待李逸說完,自己不知道從哪裡撿來一根樹枝,在李逸他們曾經戰鬥過的地方耍了一套亂披風棍法,美其名曰降魔棍法。
“我看著丫頭與你投緣不是沒有道理,你是她一個女孩子家家,怎麼不愛紅妝愛武裝呢?”
夏嫣然不搭理李逸,徑直走到一邊,拿起一根木棍。這其實不是甚麼專門習練武藝的棍子,而是鋤頭、釘耙之類的農具上的木棍。
木棍上有幾處結節,使得整根棍子不是那麼的協調。或許是夏嫣然也覺得不協調,運轉勁氣,手指化作刻刀,輕鬆的將幾處結節削平。
隨後,將棍子輕輕一扔,口中道:“接著。”
正在修煉自己的亂披風棍法的翠娥大蝦,當即丟下自己手裡的棍子,接過夏嫣然扔過來的木棍,目光炯炯有神的望著她。
“今兒倒是有時間,正好可以教你習練武藝。”
“是,請小姐下命令吧!”翠娥像是準備接受將軍指令計程車兵一般,小胸脯挺得高高的,認真的看著夏嫣然。
“你之前未曾習練過武藝,因此,需要從一些基礎的動作開始。這樣吧,到今日吃飯之時,你只練習一個動作,就站槍樁吧!”
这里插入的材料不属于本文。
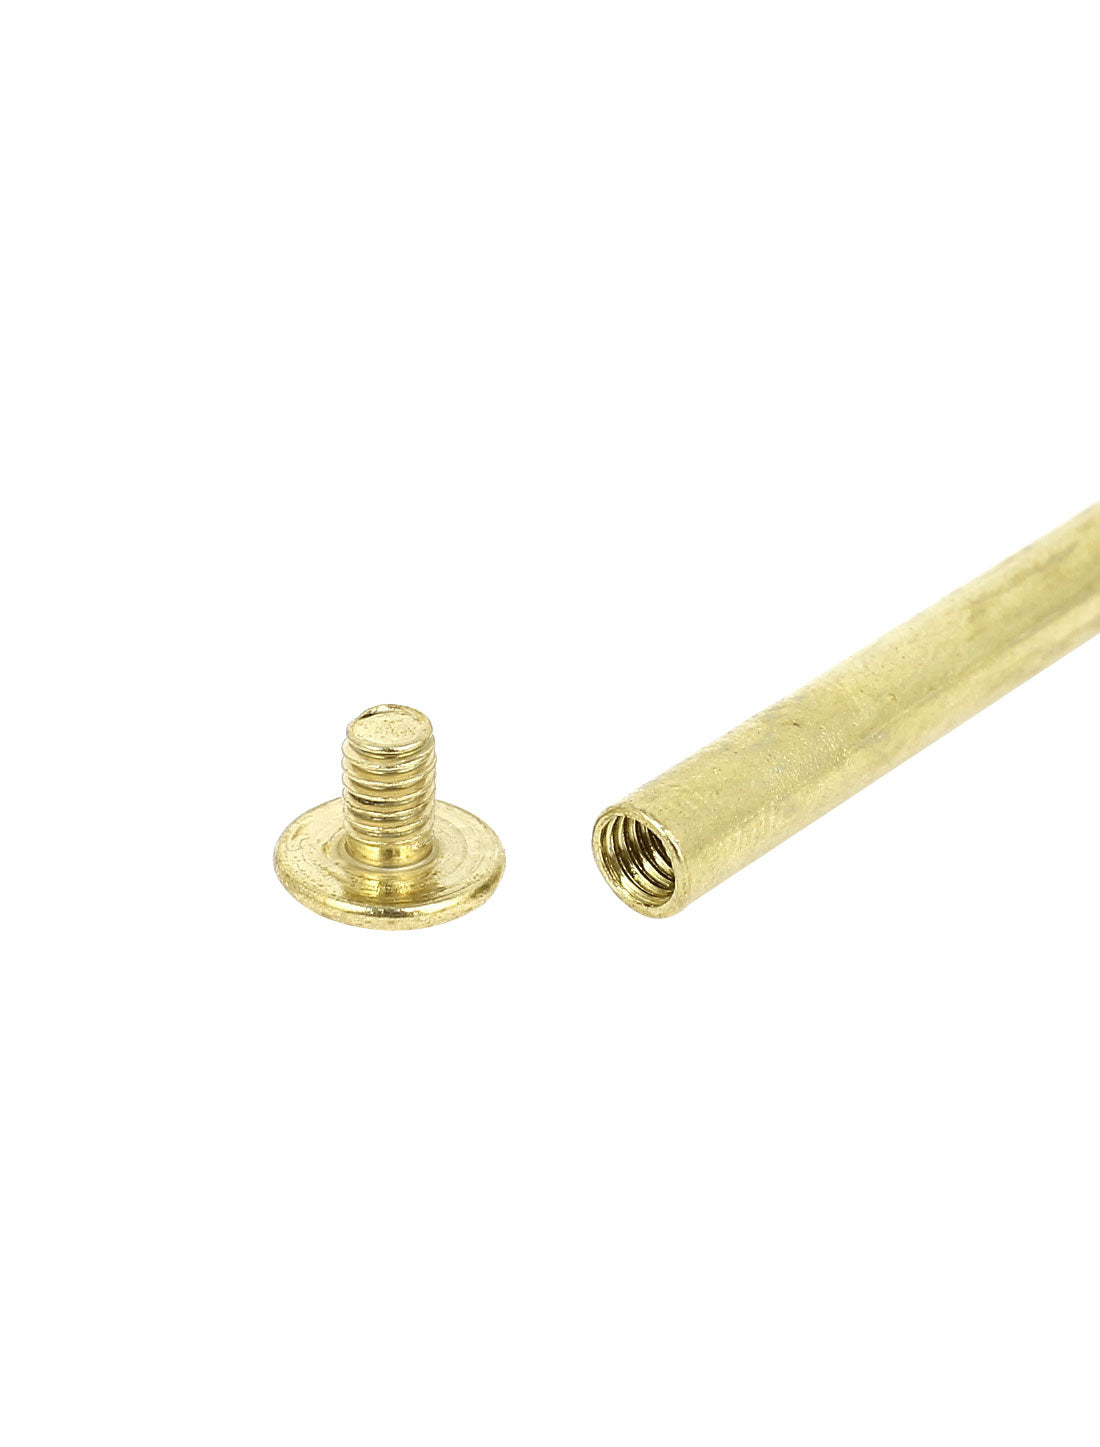 uxcell Uxcell Brass Plated 5x100mm Binding Chicago Screw Post 12pcs for Albums Scrapbook

站槍樁算是傳統長槍武術訓練中用於增強穩定性、培養槍感和練習內在勁力的基本方式了。
夏嫣然示範了幾個動作,隨後遍讓翠娥自己練習,糾正好姿態之後,小姑娘真就一手握著棍尾,一手扶住長棍中段,棍尖歇指地面,保持著這個姿勢不動。
李逸抱著一個看熱鬧的心態看著小姑娘,原本以為沒一會兒小姑娘就會喊受不了了,可是翠娥就是一聲不吭。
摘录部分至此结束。